_EXERCISE PROMPT_
Word for word and without images, reproduce the listing that follows.
(DATA SHOWN Opens)
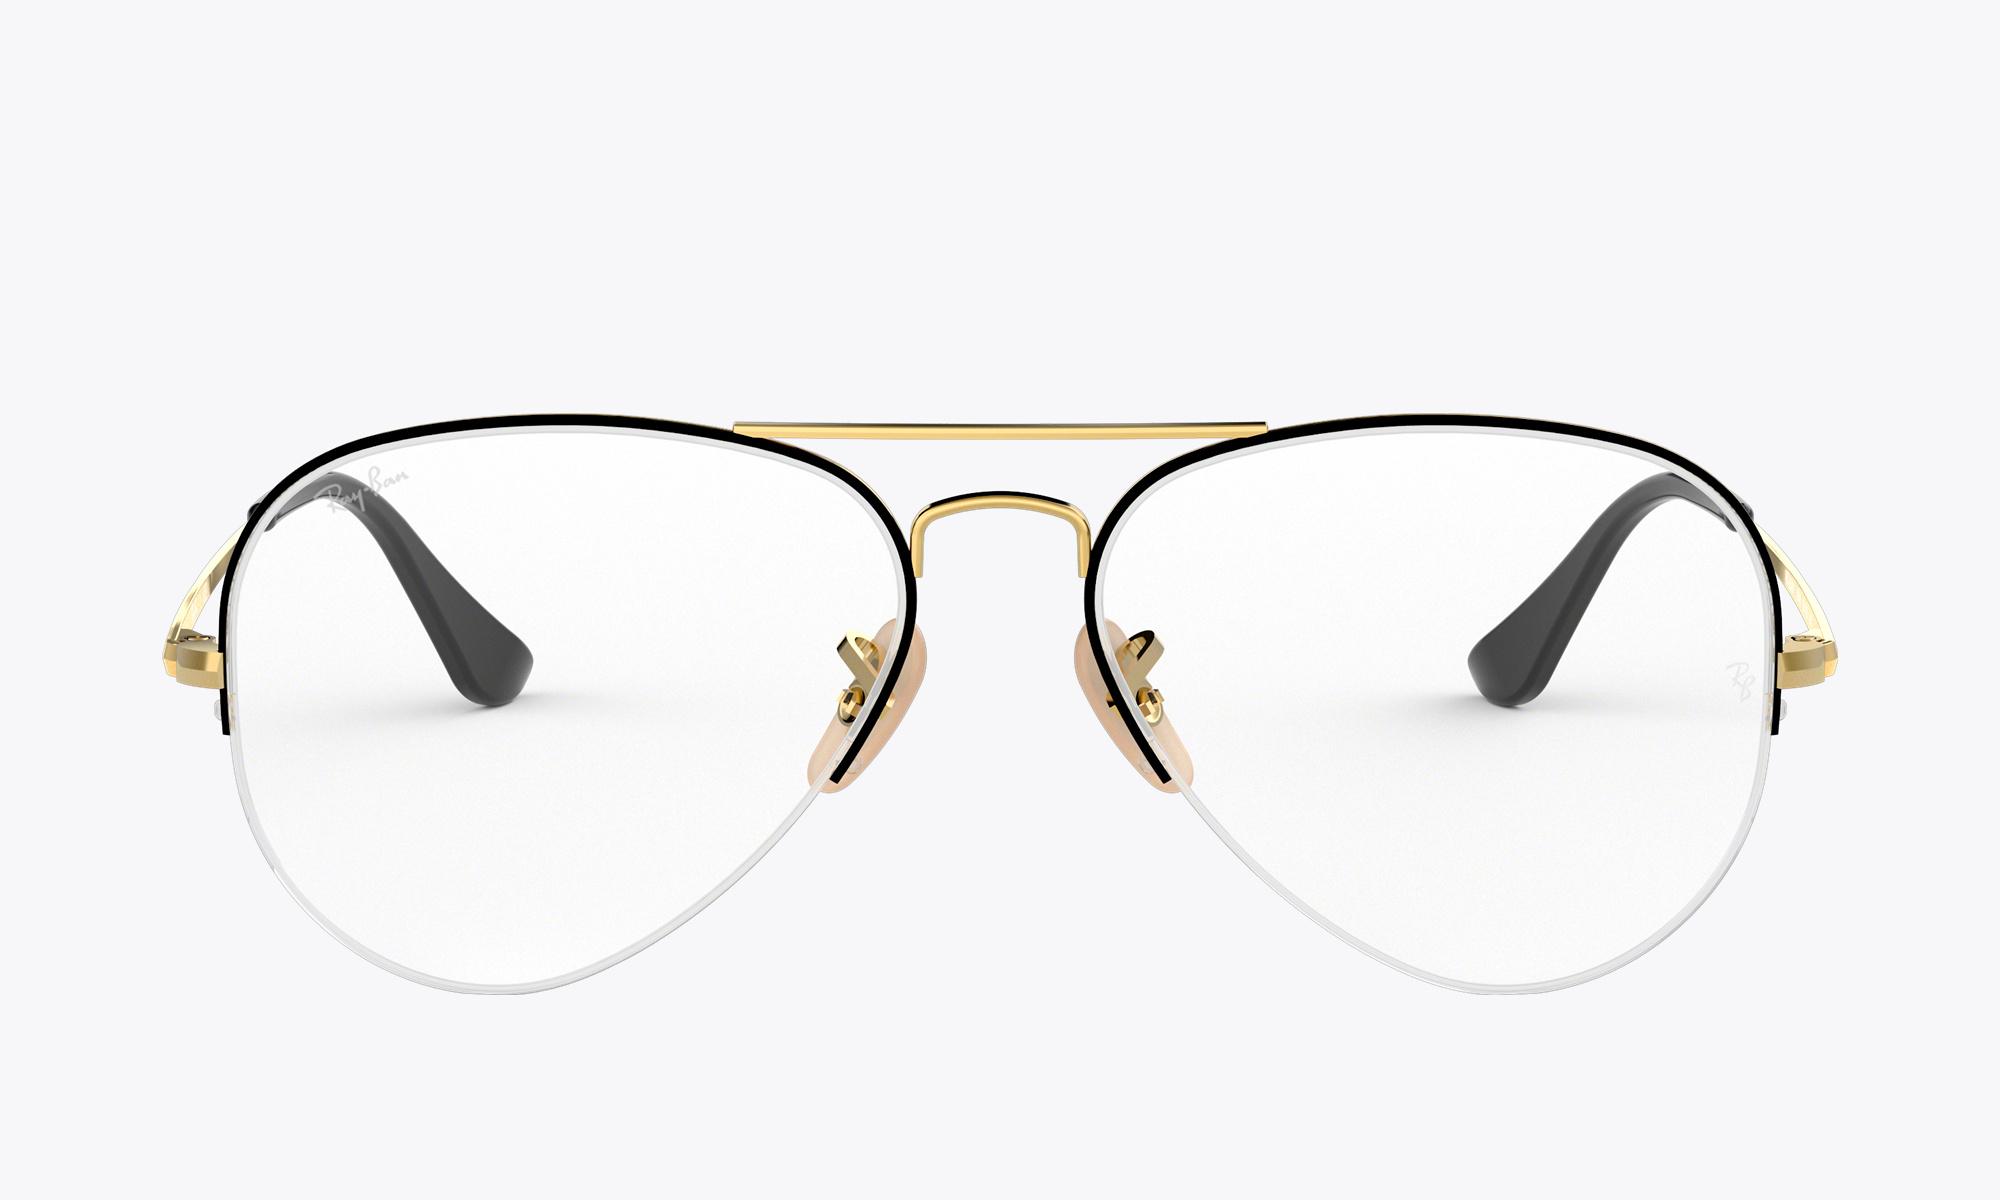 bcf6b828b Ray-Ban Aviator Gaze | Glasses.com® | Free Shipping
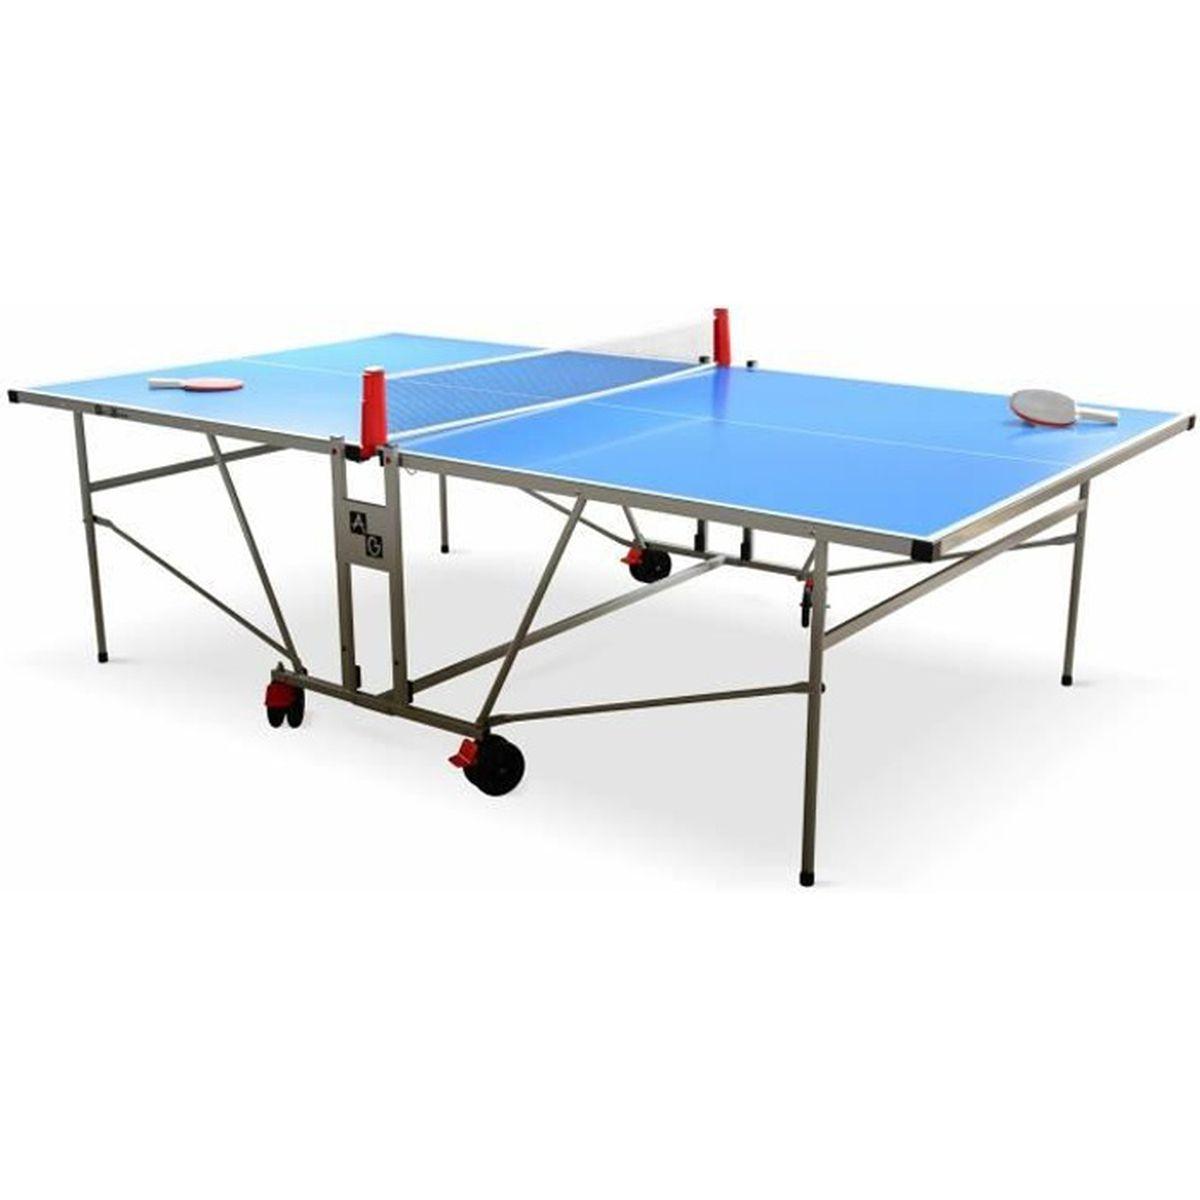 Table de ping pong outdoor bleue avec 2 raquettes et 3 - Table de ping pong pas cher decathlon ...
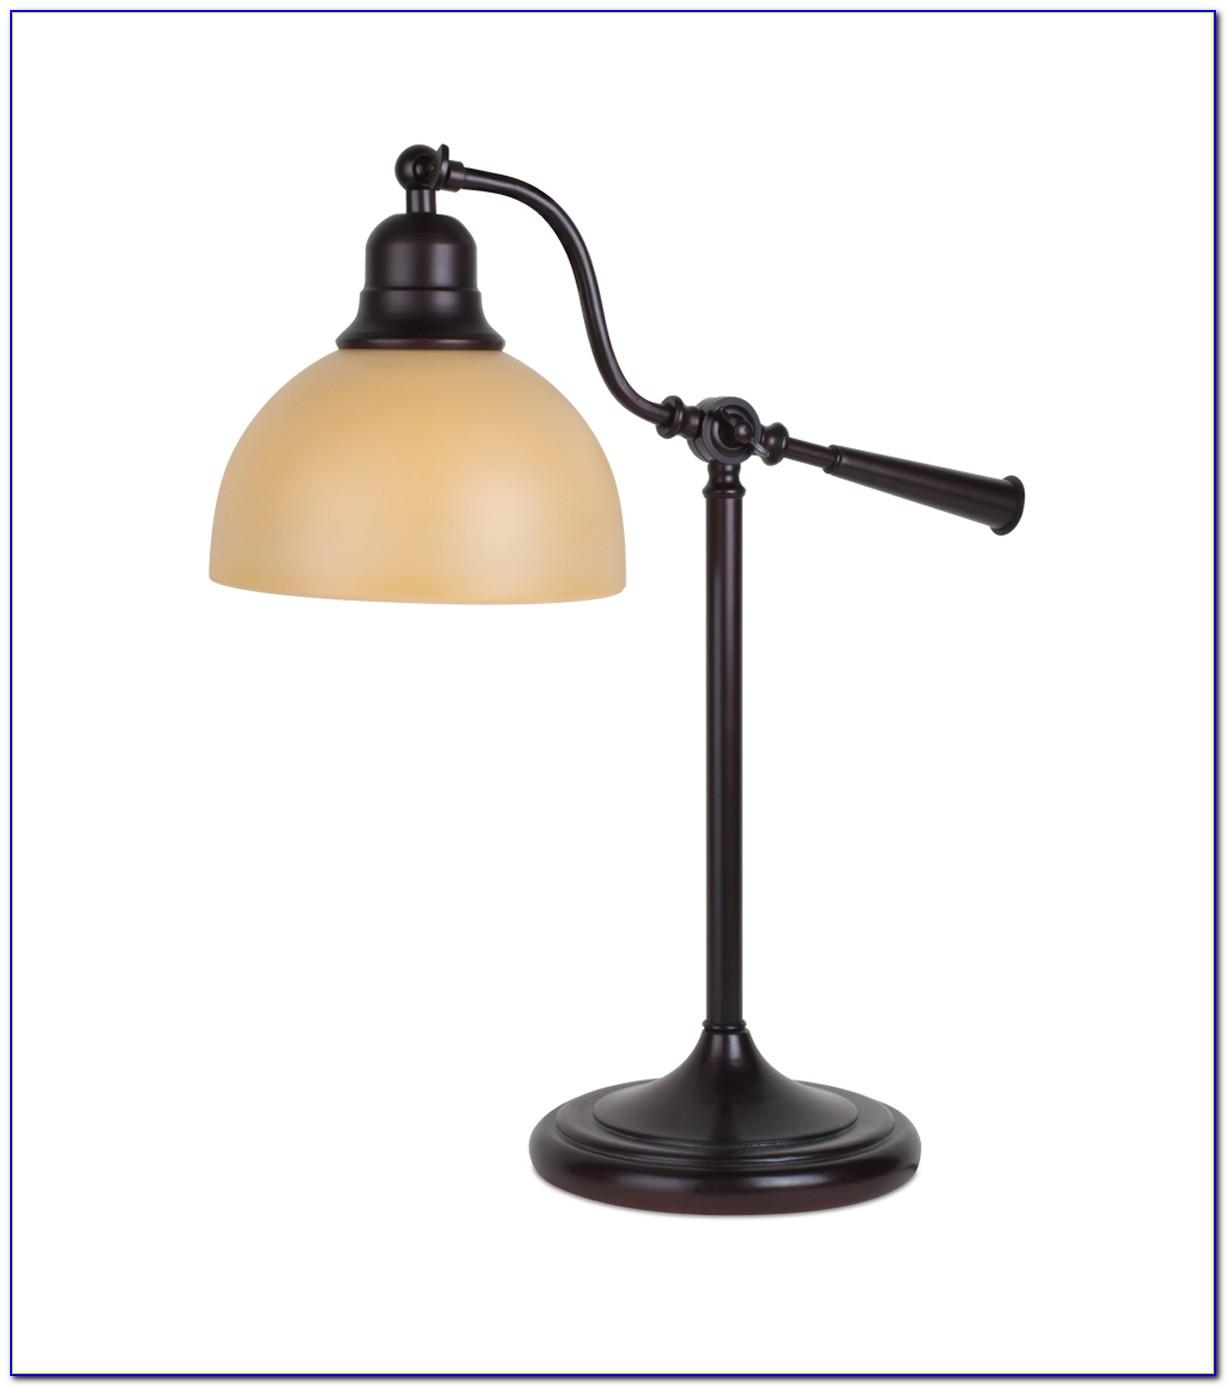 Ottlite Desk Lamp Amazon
(DATA SHOWN Closes)
_TASK SOLUTION_
 bcf6b828b Ray-Ban Aviator Gaze | Glasses.com® | Free Shipping
 Table de ping pong outdoor bleue avec 2 raquettes et 3 - Table de ping pong pas cher decathlon ...
 Ottlite Desk Lamp Amazon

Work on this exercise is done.